» Given records
┄┄┄┄┄┄
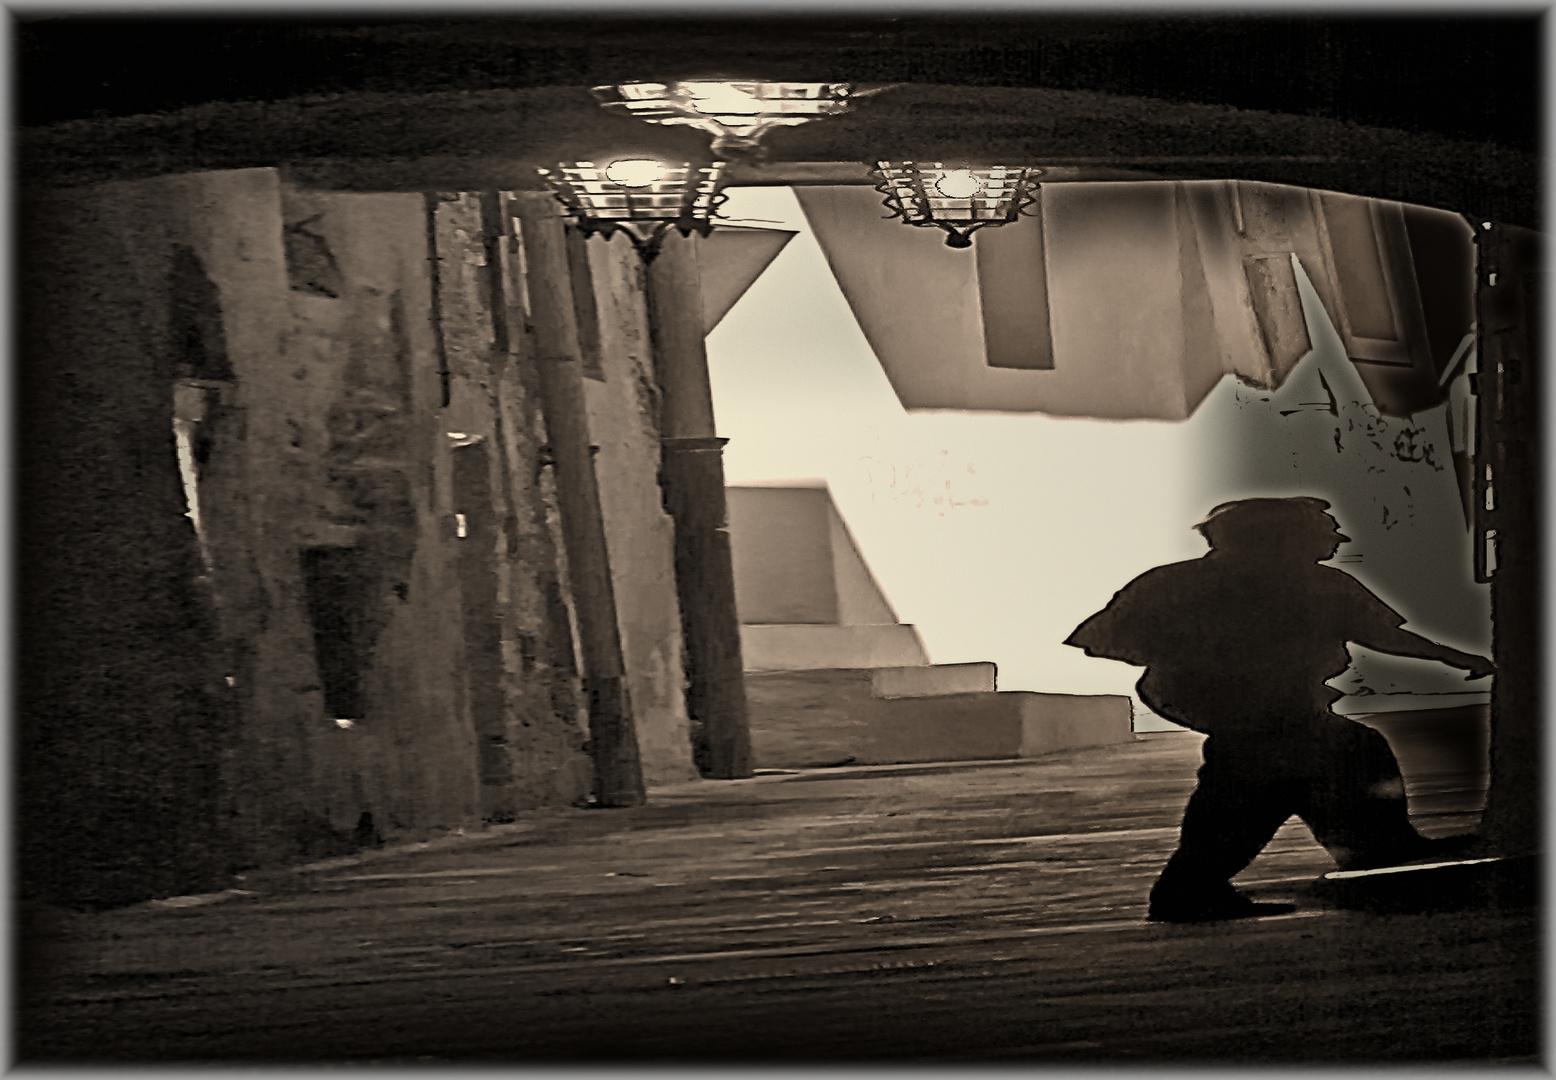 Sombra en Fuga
┄┄┄┄┄┄
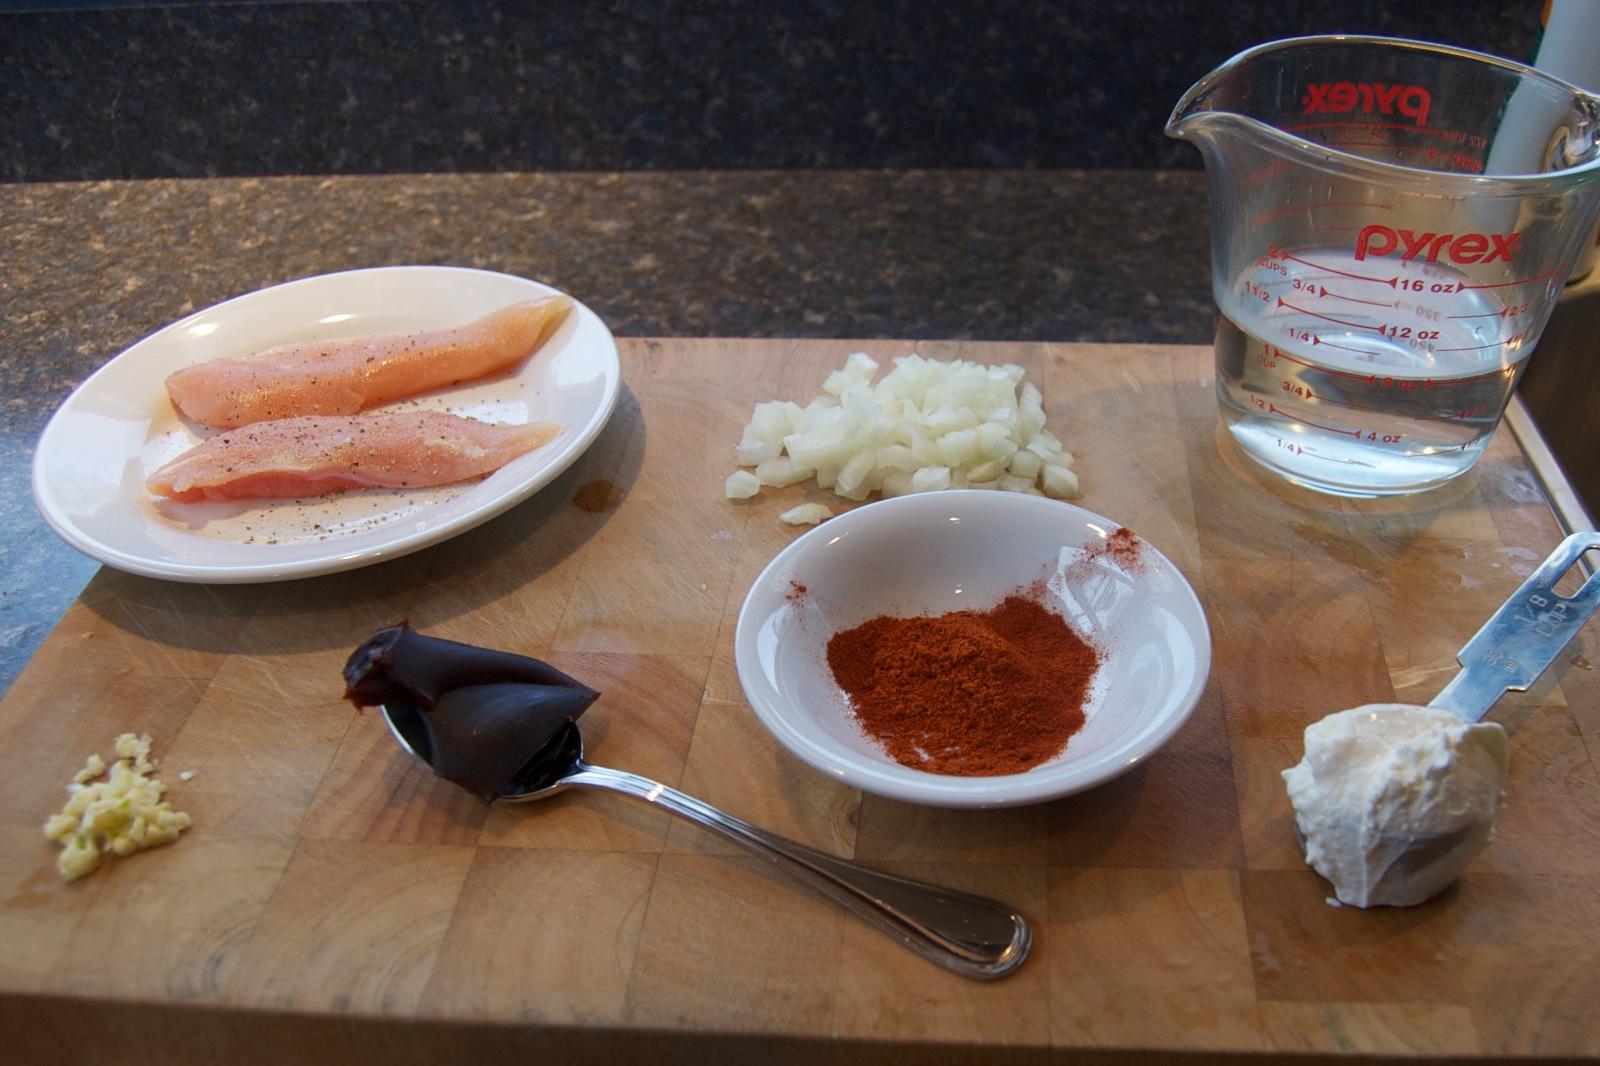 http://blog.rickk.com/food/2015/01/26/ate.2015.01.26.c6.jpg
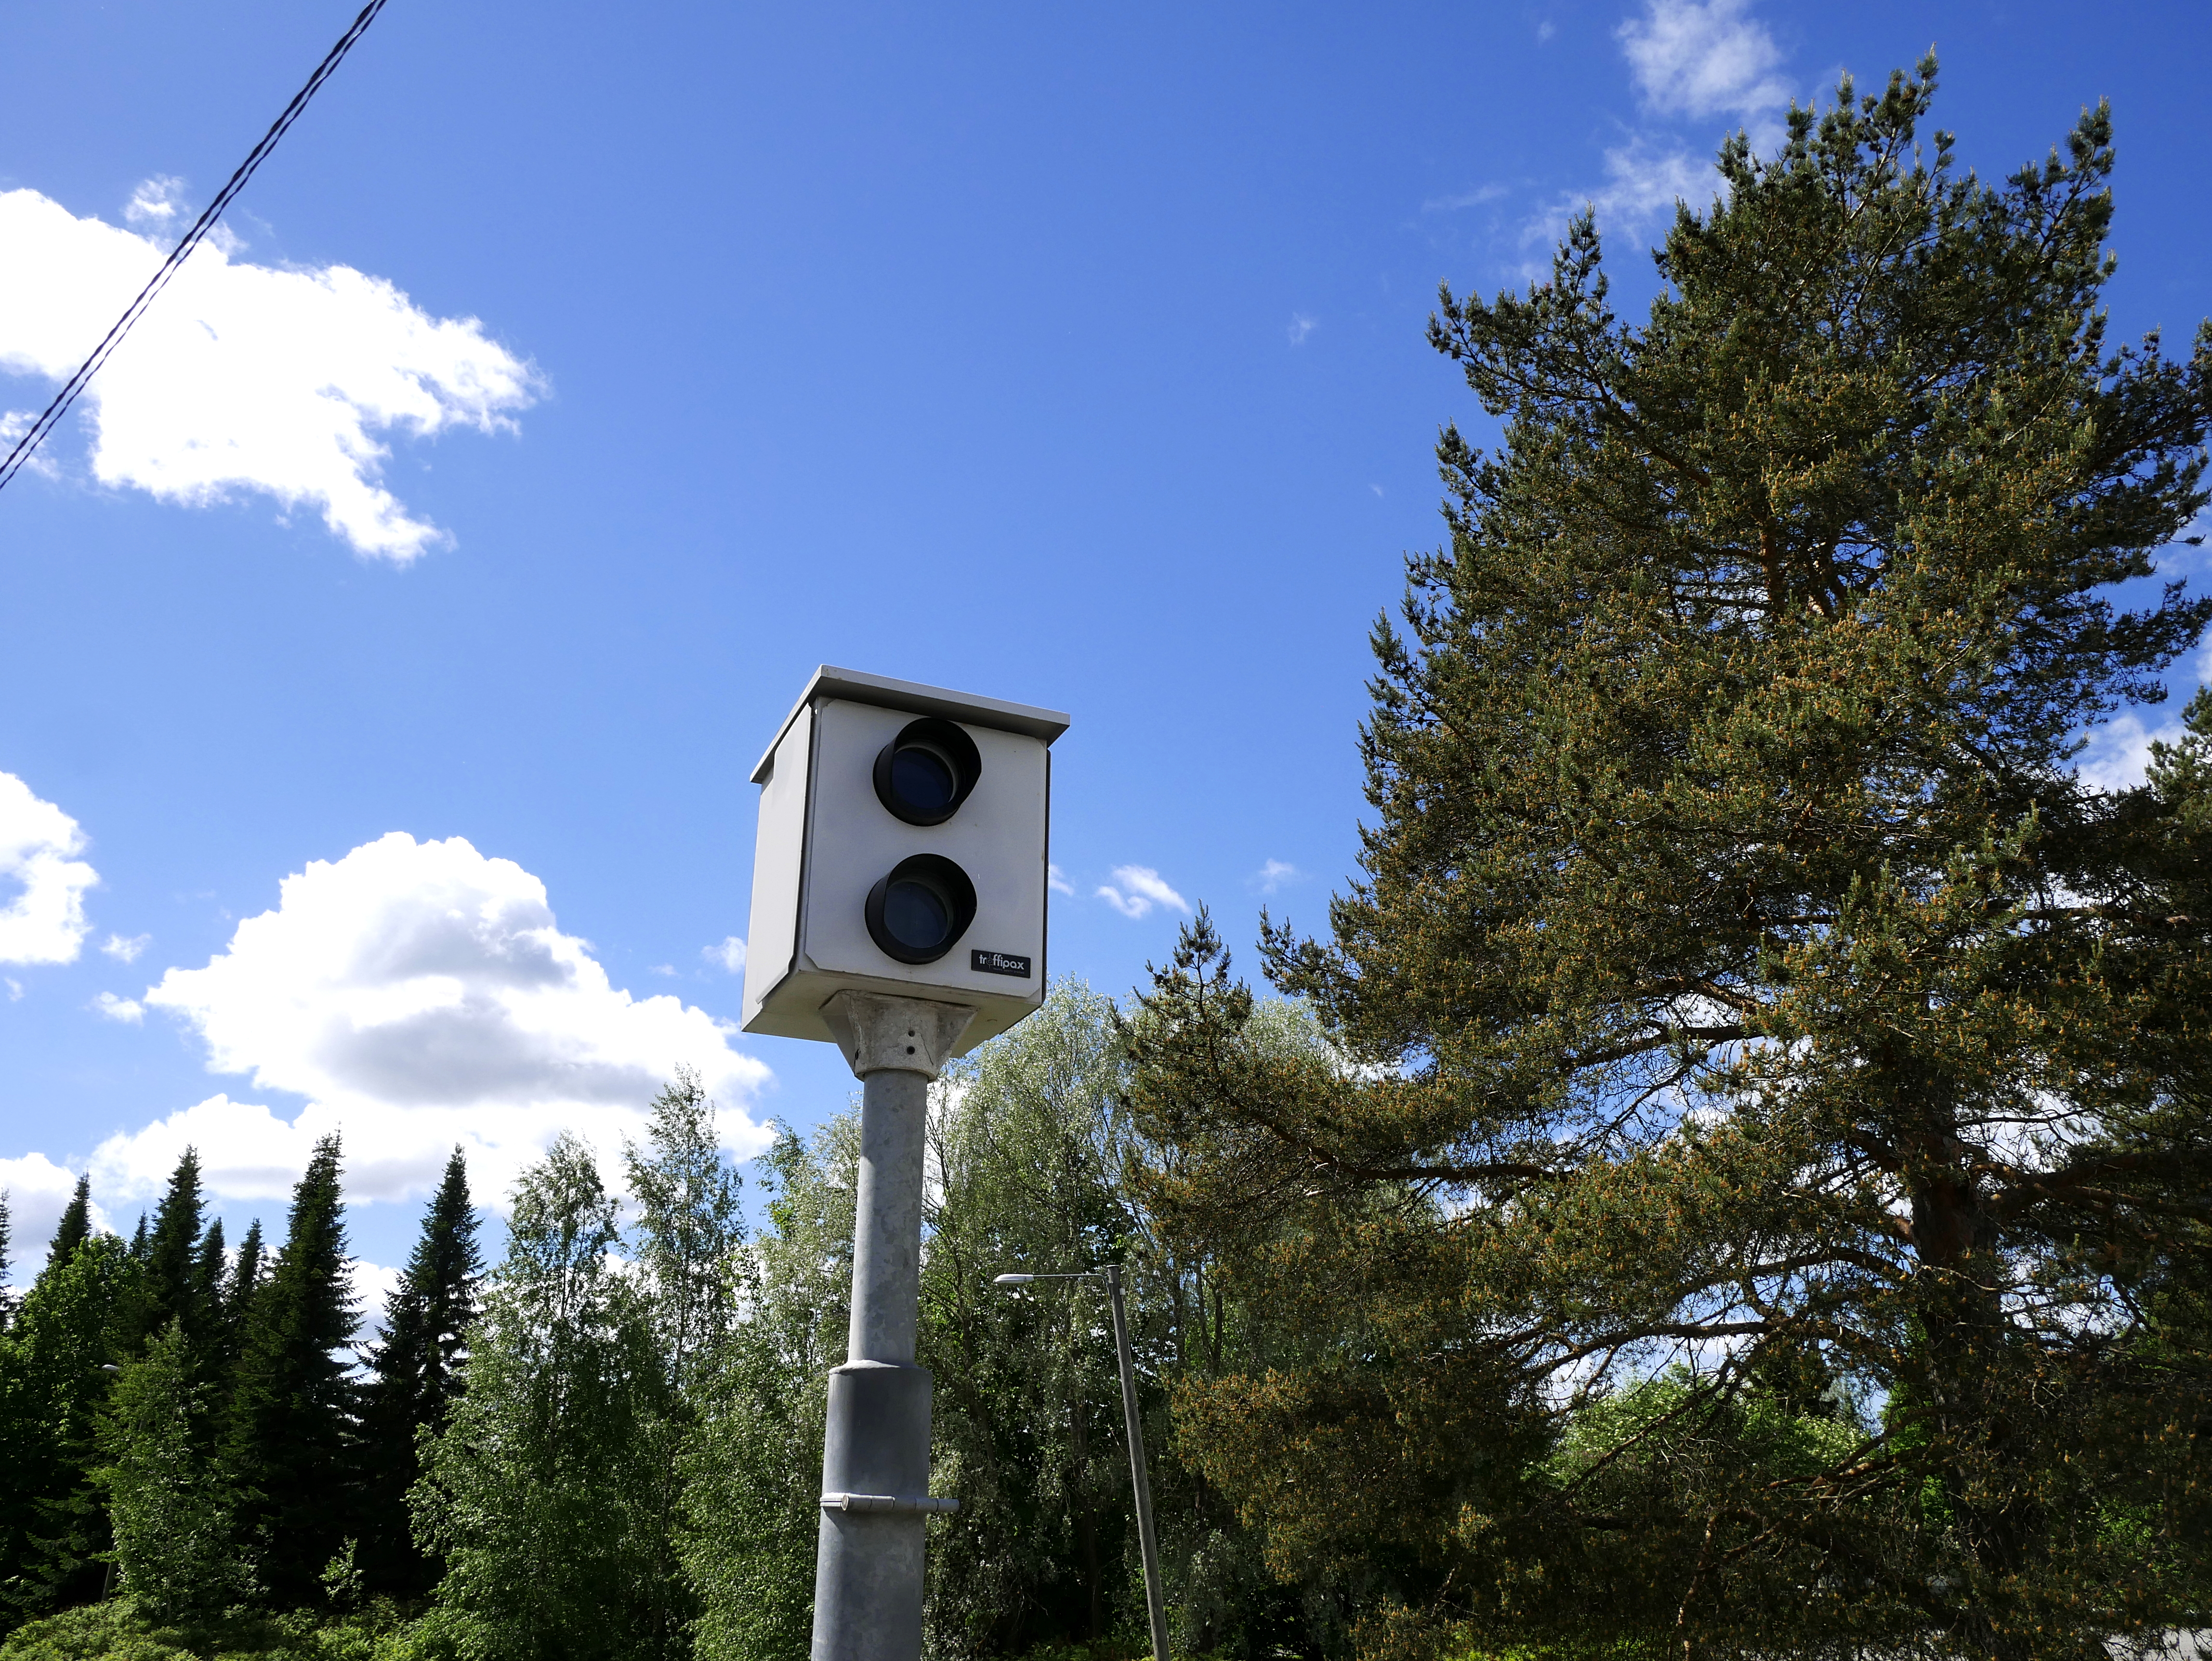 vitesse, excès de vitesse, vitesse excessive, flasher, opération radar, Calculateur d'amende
┄┄┄┄┄┄
» What you should do
Give again the lines of the listing above that run from the one with "http://blog.rickk.com/food/2015/01/26/ate.2015.01.26.c6.jpg" up to and including the one with "vitesse, excès de". Keep them exact and omit the pictures.

» Result of the exercise
 http://blog.rickk.com/food/2015/01/26/ate.2015.01.26.c6.jpg
 vitesse, excès de vitesse, vitesse excessive, flasher, opération radar, Calculateur d'amende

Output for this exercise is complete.